In this example, the results table to be review and the dataset are loaded.
results_to_review <- analysistools::analysistools_MSNA_template_with_ratio_results_table$results_table
dataset_to_analyse <- analysistools::analysistools_MSNA_template_data
The list of analysis from the results can be reproduced with create_loa_from_results and the analysis key.
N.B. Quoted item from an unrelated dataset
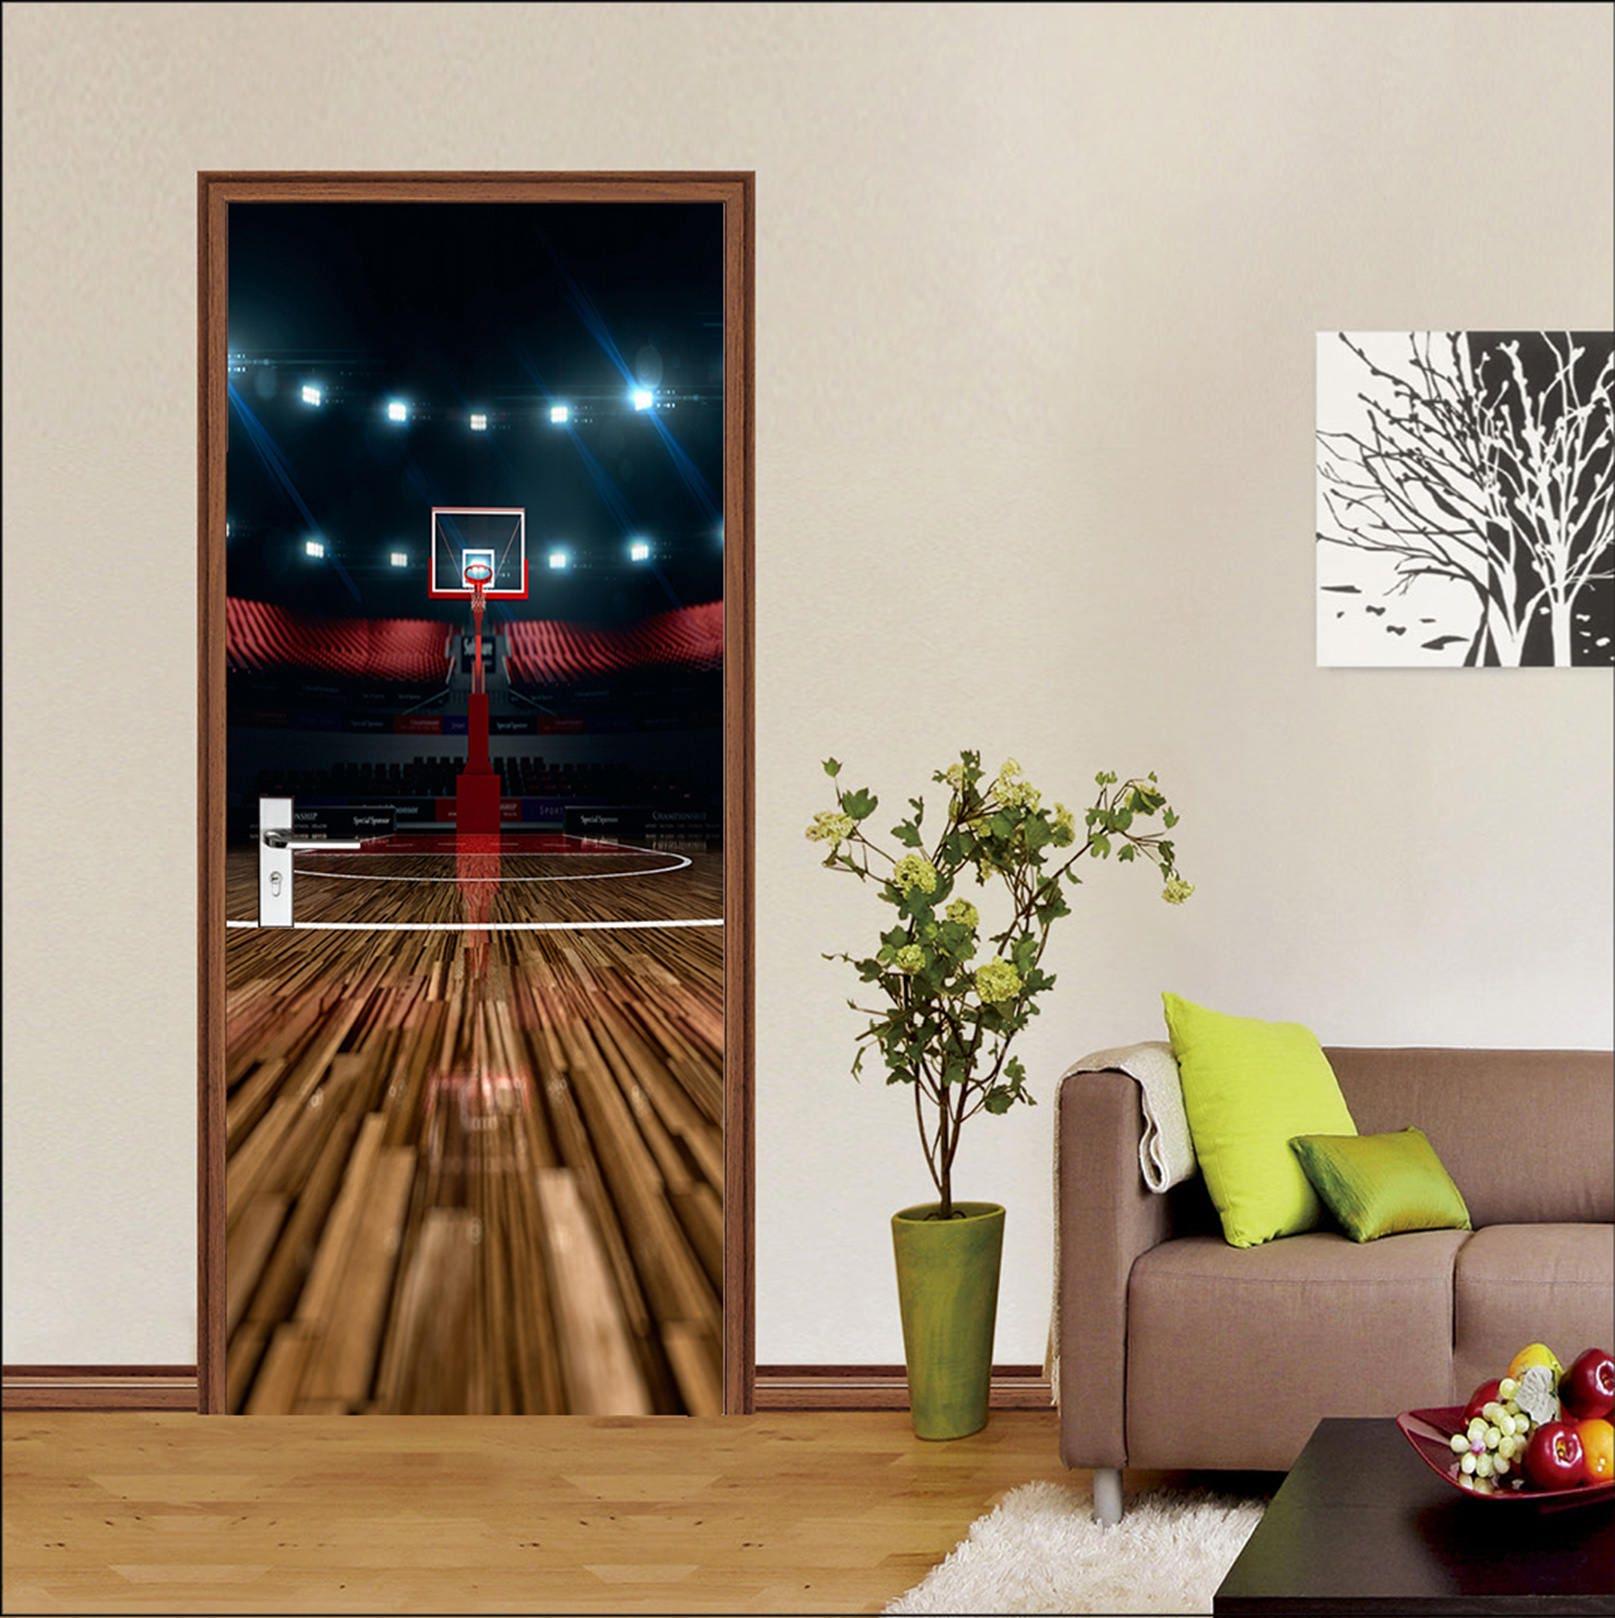 Basketball wall murals images home wall decoration ideas 3d basketball court 513 view mural door wallpaper mural wall print 3d basketball court 513 view amipublicfo Gallery

This loa can be used to create a new analysis to be compared with.
me_loa <- create_loa_from_results(results_to_review)
me_analysis <- create_analysis(srvyr::as_survey(dataset_to_analyse),
loa = me_loa,
sm_separator = "/")
#> Joining with `by = join_by(admin1)`
#> Joining with `by = join_by(wash_drinkingwatersource)`
#> ■■■■■■■■■■■■■■■ 47% | ETA: 2s
#> ■■■■■■■■■■■■■■■■■■■ 60% | ETA: 1s
#> ■■■■■■■■■■■■■■■■■■■■■ 67% | ETA: 1s
#> ■■■■■■■■■■■■■■■■■■■■■■■■■ 80% | ETA: 1s
#> ■■■■■■■■■■■■■■■■■■■■■■■■■■■ 87% | ETA: 0s
#> Joining with `by = join_by(admin1, wash_drinkingwatersource)`
#> ■■■■■■■■■■■■■■■■■■■■■■■■■■■■■ 93% | ETA: 0s
The new results and the results to be reviewed are bound together by the analysis_key.
binded_results <- results_to_review %>%
dplyr::full_join(me_analysis$results_table, by ="analysis_key")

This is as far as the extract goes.